Writing The Specification

It is a advisable to start the specification with a detailed description of the work involved; this is known as 'scope of works'.

When starting to write the specification of the works, it is advisable to describe the works at the very lowest levels of intended alteration which may, in some cases, mean modifications to foundations and will contain descriptions for:

• Providing temporary support for floors and existing ceilings in order to strengthen or replace lintels;

• Preparing, probably, even at this early stage, the stairwell which will afford access to the works in the intended conversion area.

Specify precisely; leave nothing to question by the builders or even yourself at a later date at the time of construction, thinking through and describing all of the building operations from the start of the element being considered to its natural conclusion of the reinstatement of surfaces and decorations. An example is given below for the replacement of an existing lintel with a new lintel capable of carrying a new floor load above:

'Window W4: carefully remove carpets and provide dust-proof screen on dining room side of window. Provide temporary structural support to ceiling and roof above by fitting a temporary purlin in the roof space above over the areas of the rafter currently supported by the lintel. Purlin to be supported off struts directly on bearers onto ceiling joists.

Fit a spreader beam immediately beneath the struts under the existing ceiling and support on Acrow or similar props. The Acrows to be set on a bearer on the floor. When all load has been taken from the lintel by the propping system, carefully remove the existing lintel, replace with new lintel and bed solidly. Do not remove props until mortar has set. Not less than 48 h after the replacement of the lintel, prop system can be removed and the area restored, made good and decorated as necessary.'

Avoid vague and incomplete specification clauses such as, 'Fit new floor to attic space.' This should be specified as follows:

'Provide and fix 19 mm tongued and grooved jointed, V313 flooring grade chipboard conforming to BS 5669:1989 Type C4. Board to be fixed with 63 mm long annular ring shanked nails, including gluing all tongued and grooved joints. 38 x 50 mm softwood noggings to be used around the perimeter of the room to support flooring and at any square edge joint in the board.'

This will avoid:

(1) the supply of inferior boarding;

(2) falling below the requirements for a V313 moisture-resisting grade chipboard in bathroom areas;

(3) the irritating problem of squeaking floors caused by incorrect nails and incorrect jointing of the boards;

(4) the flexing of the floorboard between floor joists through inadequate support.
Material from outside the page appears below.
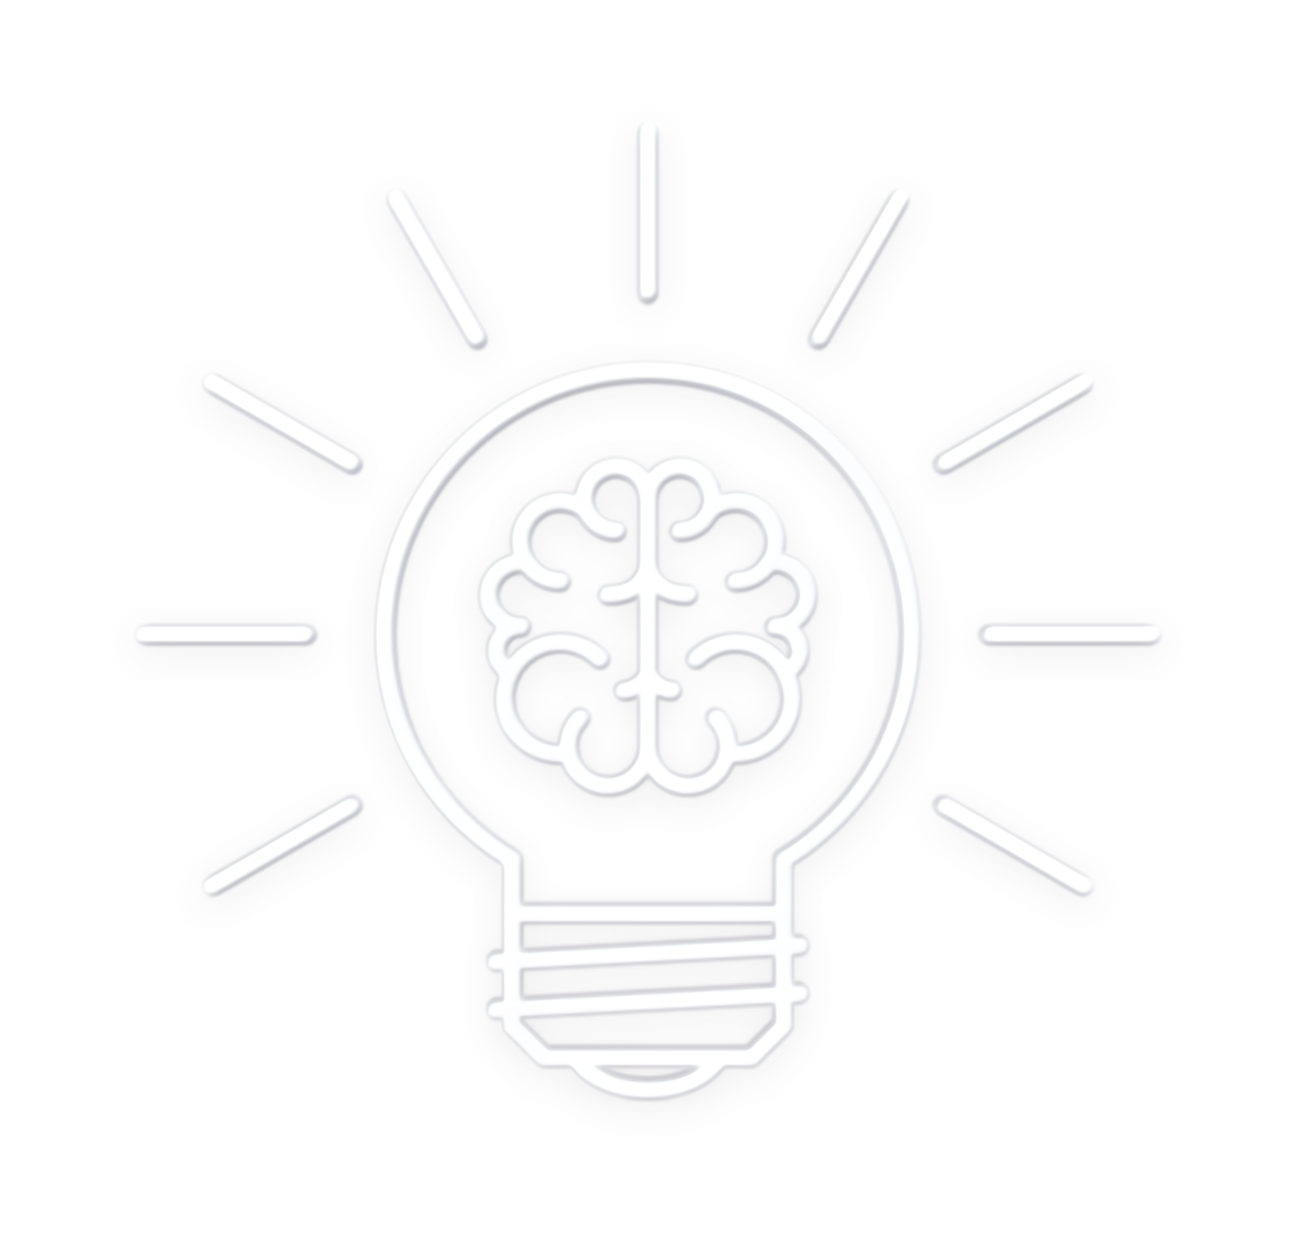 Logo: light bulb and brain inside

The result is, of course, a good sound job at the price quoted, and if any of the specified items have not been carried out at the time of inspection, or a badly creaking floor becomes evident after use, then the employer has a legitimate claim against the builder. The moral of all this is to spend time in the preparation and planning and you will save hours if not days of delay and frustration later. Remember, if you are the architect or builder, that your client may well have to remain in occupation throughout the conversion and the minimum of disruption is therefore desirable. Delays caused by unspecified and therefore unforeseen work will not easily be tolerated at this time of great disturbance to the household.